Description

R package mdendro enables the calculation of agglomerative hierarchical clustering (AHC), extending the standard functionalities in several ways:

  • Native handling of both similarity and dissimilarity (distances) matrices.

  • Calculation of pair-group dendrograms and variable-group multidendrograms [1].

  • Implementation of the most common AHC methods in both weighted and unweighted forms: single linkage, complete linkage, average linkage (UPGMA and WPGMA), centroid (UPGMC and WPGMC), and Ward.

  • Implementation of two additional parametric families of methods: versatile linkage [2], and beta flexible. Versatile linkage leads naturally to the definition of two additional methods: harmonic linkage, and geometric linkage.

  • Calculation of the cophenetic (or ultrametric) matrix.

  • Calculation of five descriptors of the final dendrogram: cophenetic correlation coefficient, space distortion ratio, agglomerative coefficient, chaining coefficient, and tree balance.

  • Plots of the descriptors for the parametric methods.

All this functionality is obtained with two functions: linkage, and descplot. Function linkage may be considered as a replacement for functions hclust (in package stats) and agnes (in package cluster). To enhance usability and interoperability, the linkage class includes several methods for plotting, summarizing information, and class conversion.

Installation

There exist two main ways to install mdendro:

  • Installation from CRAN (recommended method):

    install.packages("mdendro")

    RStudio has a menu entry (Tools \(\rightarrow\) Install Packages) for this job.

  • Installation from GitHub (you may need to install first devtools):

    install.packages("devtools")
    library(devtools)
    install_github("sergio-gomez/mdendro")

    Since mdendro includes C++ code, you may need to install first Rtools in Windows, or Xcode in MacOS.

Tutorial

Basics

Let us start by using the linkage function to calculate the complete linkage AHC of the UScitiesD dataset, a matrix of distances between a few US cities:

library(mdendro)
lnk <- linkage(UScitiesD, method = "complete")

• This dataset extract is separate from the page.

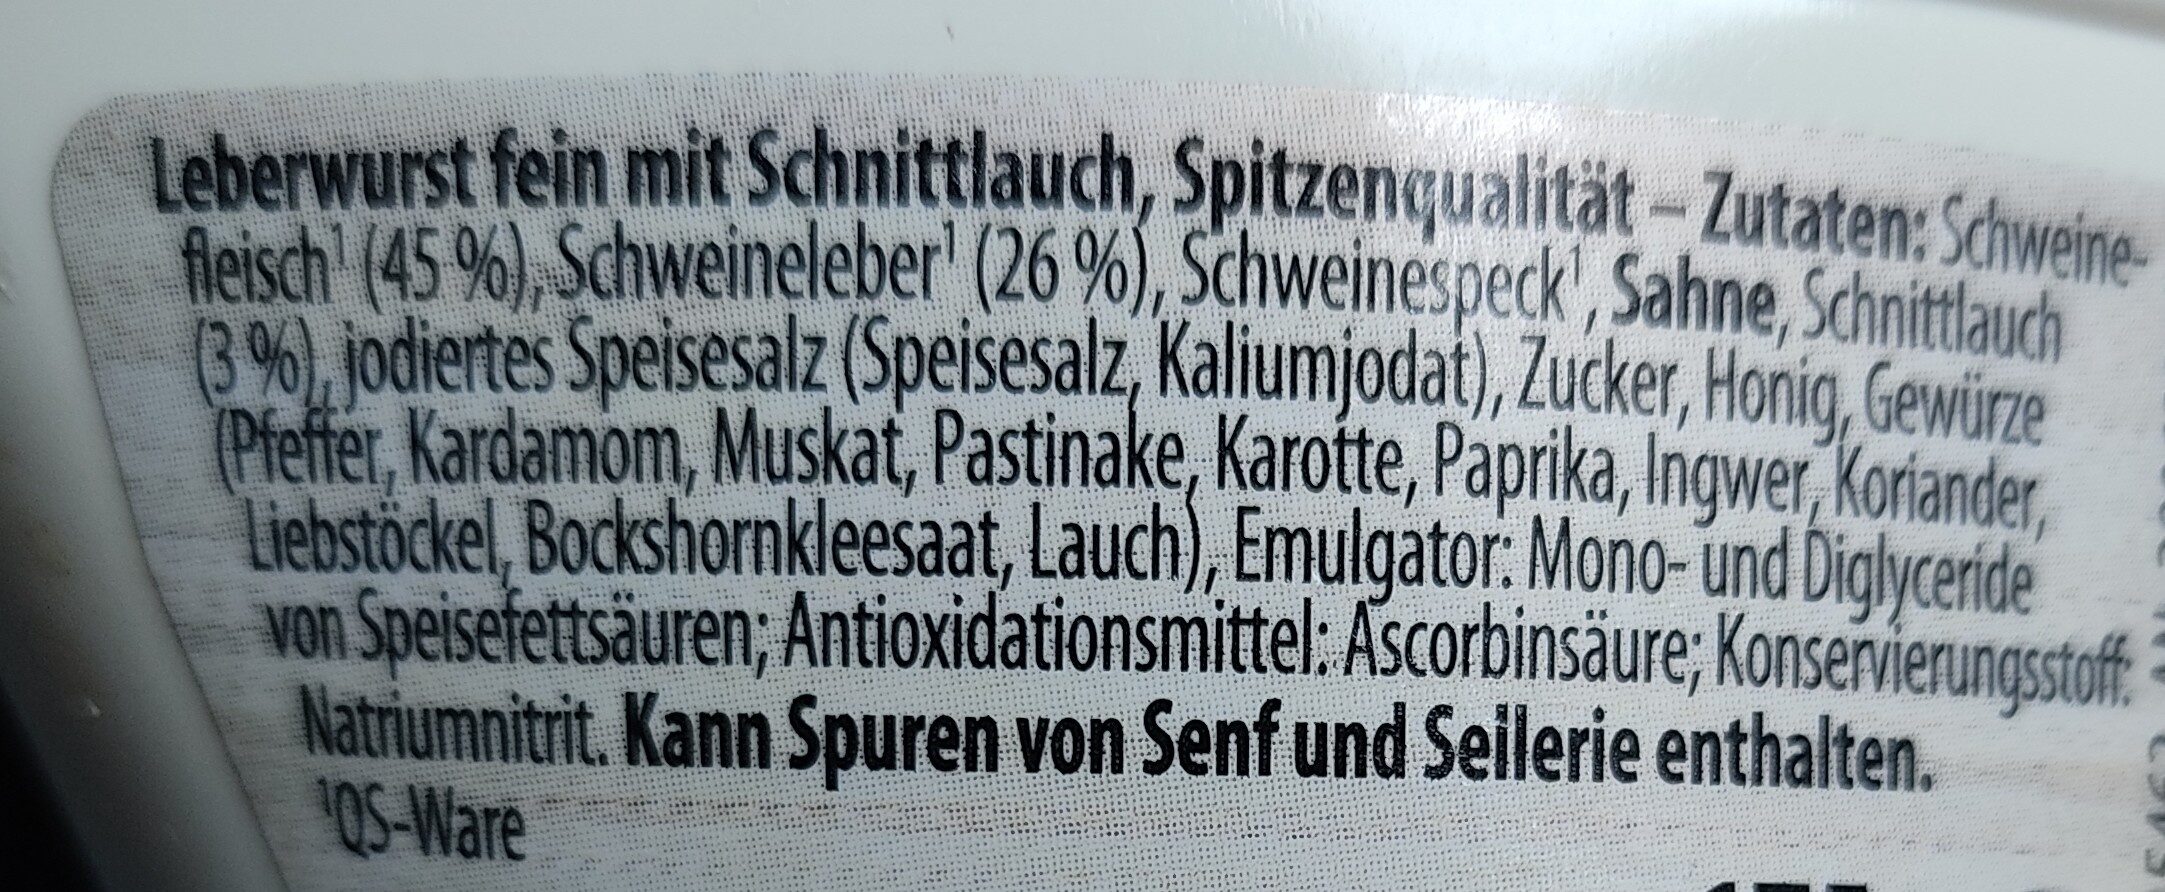 Leberwurst fein mit Schnittlauch - Ingredientes - de

Now we can plot the resulting dendrogram:

plot(lnk)

The summary of this dendrogram is:

summary(lnk)
## Call:
## linkage(prox = UScitiesD,
##         type.prox = "distance",
##         digits = 0,
##         method = "complete",
##         group = "variable")
## 
## Binary dendrogram: TRUE
## 
## Descriptive measures:
##       cor       sdr        ac        cc        tb 
## 0.8077859 1.0000000 0.7738478 0.3055556 0.9316262

In particular, you can recognize the calculated descriptors:

  • cor: cophenetic correlation coefficient
  • sdr: space distortion ratio
  • ac: agglomerative coefficient
  • cc: chaining coefficient
  • tb: tree balance

It is possible to work with similarity data without having to convert them to distances, provided they are in range [0.0, 1.0]. A typical example would be a matrix of non-negative correlations:

sim <- as.dist(Harman23.cor$cov)
lnk <- linkage(sim, type.prox = "sim")
plot(lnk, main = "Harman23")